> _Task instructions_
Shown below is a listing with pictures; reproduce exactly, and only, the lines between the ones containing "Red Fox Run Club Women’s Running Shorts" and "Choco reccomend Bikini girls lake hartwell", inclusive, leaving the pictures out.

> _Given information_
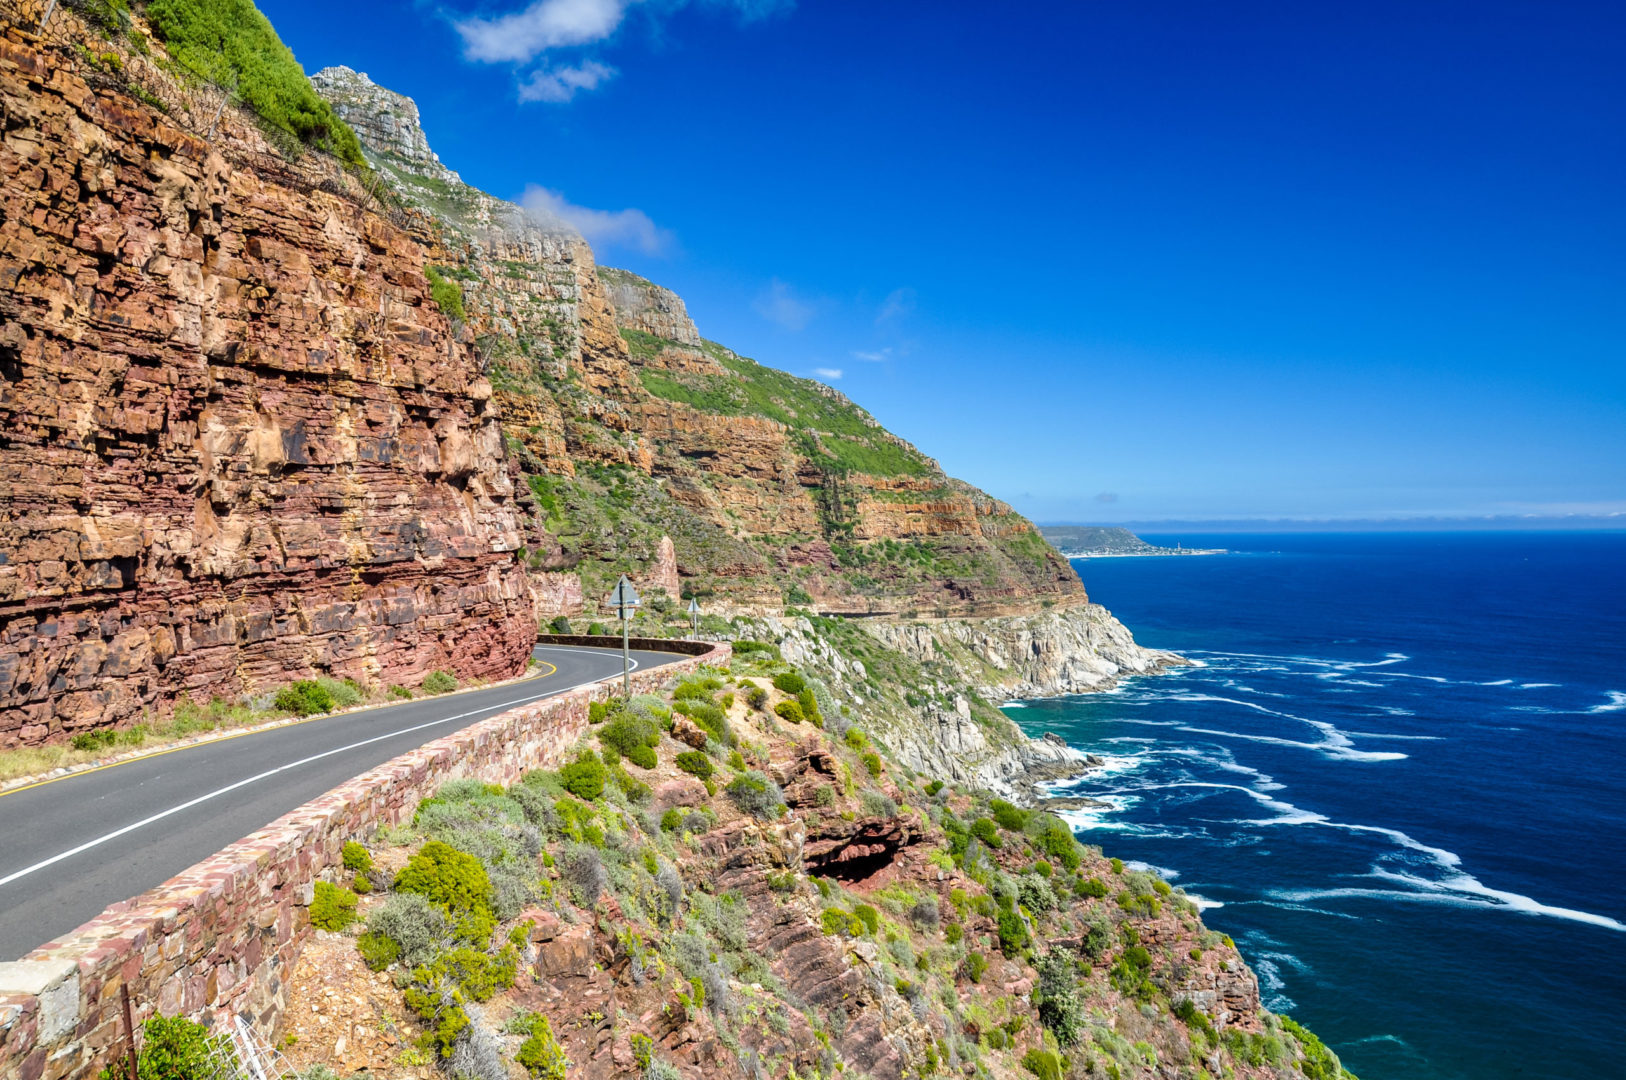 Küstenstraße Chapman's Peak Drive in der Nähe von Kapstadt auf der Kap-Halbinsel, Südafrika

==

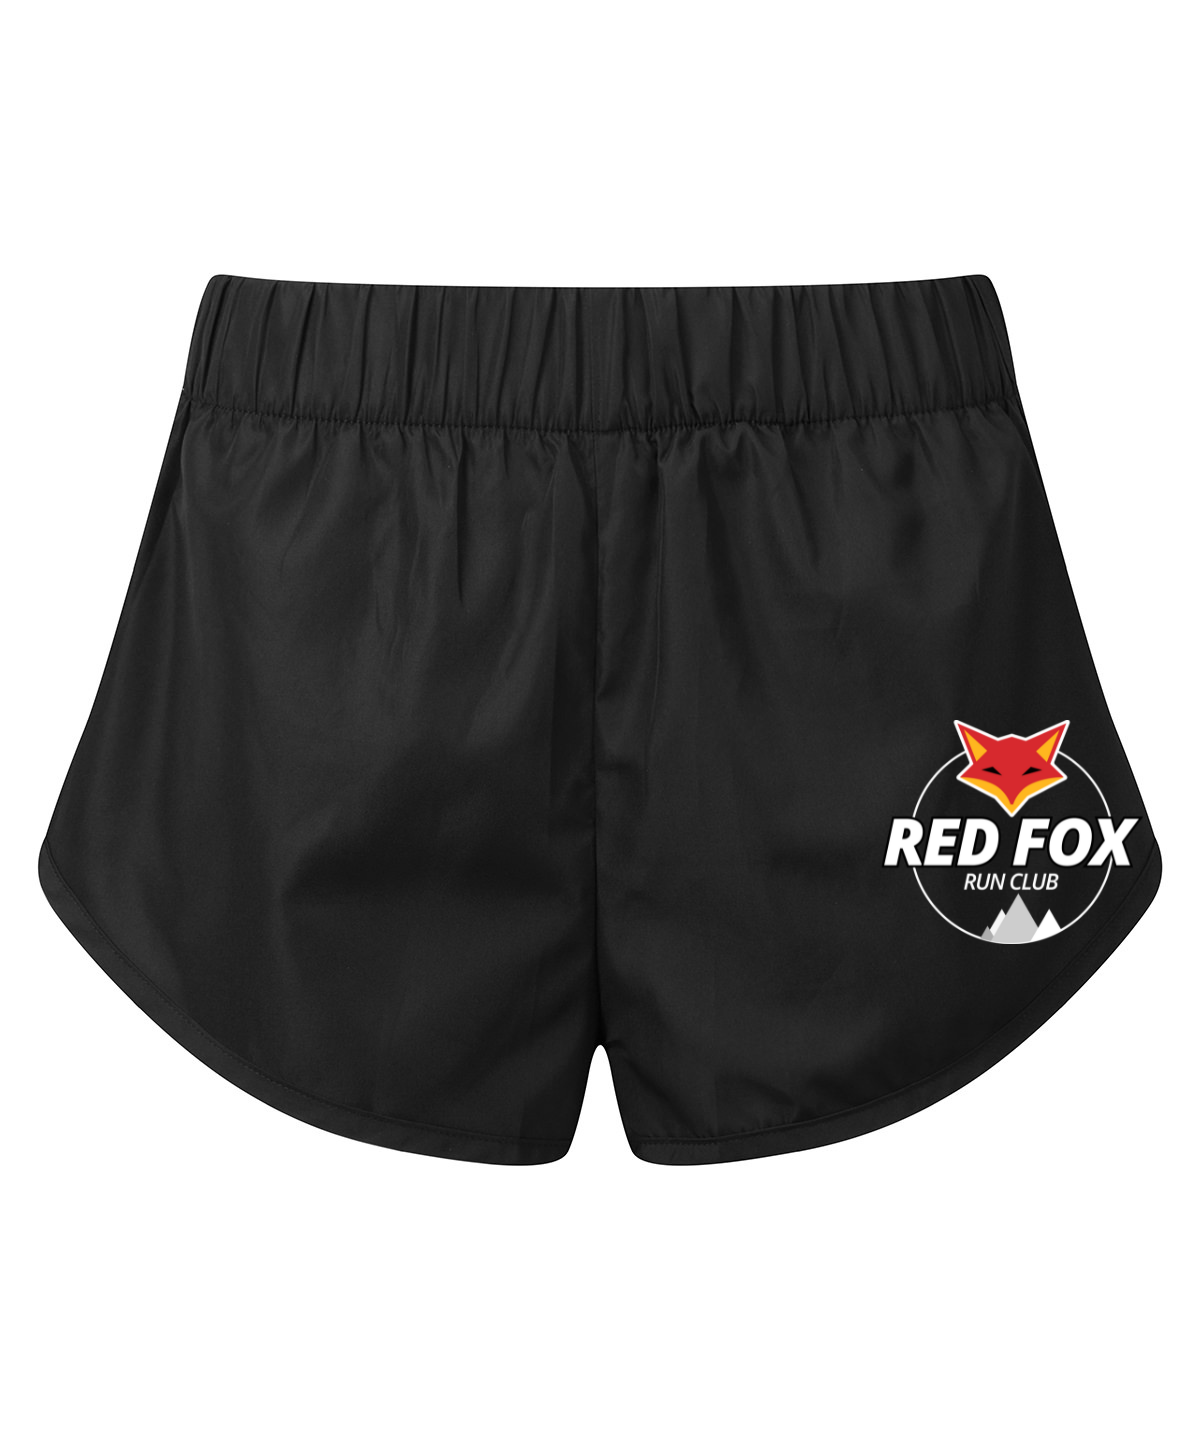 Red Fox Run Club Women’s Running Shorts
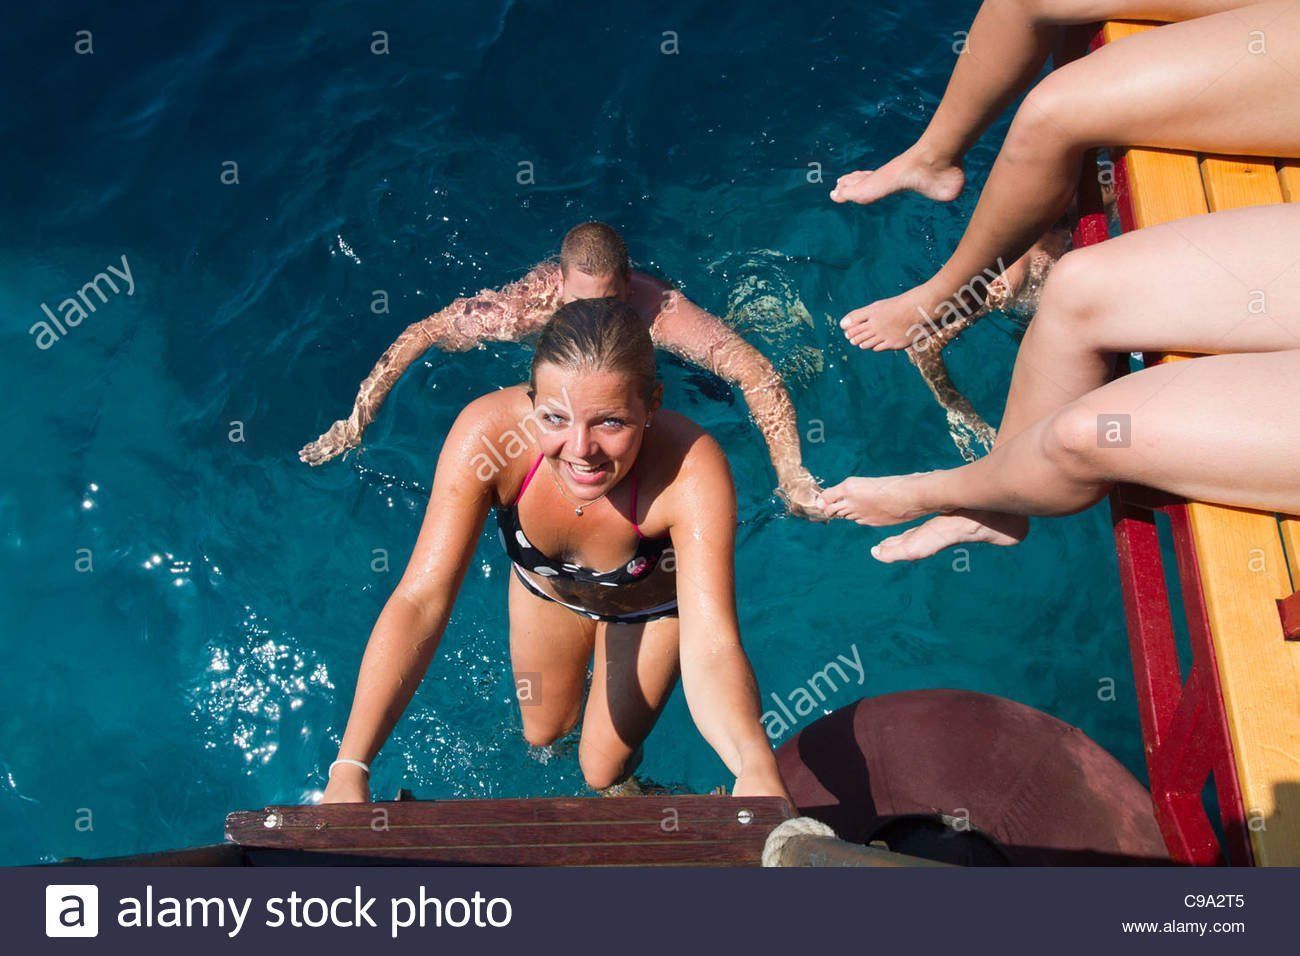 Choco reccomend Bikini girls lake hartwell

> _Response_
 Red Fox Run Club Women’s Running Shorts
 Choco reccomend Bikini girls lake hartwell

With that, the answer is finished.